Comment Re:Traffic analysis; diverse double compiling (Score 2) 319

"End-to-end cryptography won't stop "them" from seeing with whom you communicate, how often, where, and when."

It can if you have a clue how to. For example, Stenography in a photo. if EVERY SINGLE photo you post on facebook has a 2048 byte sample of /dev/random shoved inside of it, they will never know that the photo of the shaved cat actually holds a 2048 byte encrypted message in it.

It's called hiding in the noise floor, you just need to raise the noise floor.

plus with the proliferation of Social media I dont have to send Ralph my message. I just post it to twitter, facebook, etc... they cant tell WHO I sent it to because my WHO is the world, and Ralph has to just have an IQ above that of a salad bar to figure out how to look for my message.

Comment Re:SubjectsInCommentsAreStupid (Score 4, Insightful) 319

You dont need end to end trust chain.

You need your endpoints trusted and treat the rest as hostile, like you should have always been doing if you had any real interest in security. The NSA revelation's are that your endpoints are compromised.

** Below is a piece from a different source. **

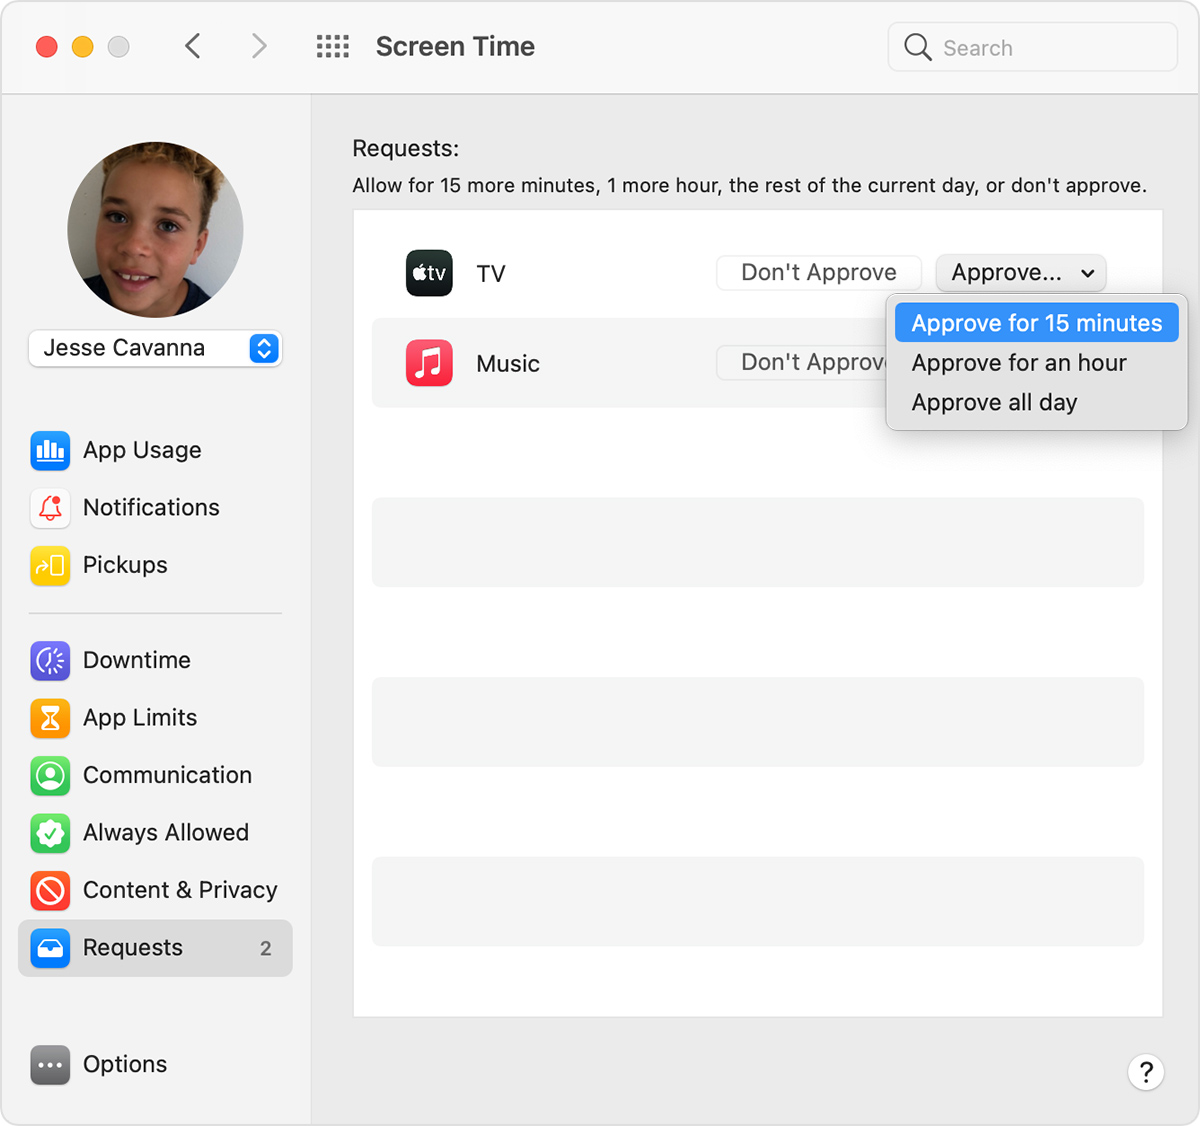 Screen Time preferences: Requests

If I have secure endpoints, the technology is out there to easily transmit data in a way that in uncrackable in any useable amount of time. There are a lot of FUD claims that came out of the Snowden release flurry floating about that just do not add up. YES if the encryption system is compromised it's cracked, but not all of them are.

Plus they dont NEED to crack your communication if they own your endpoints, and I am certain that is their current operation as it makes sense.

So secure your endpoints and stop worrying.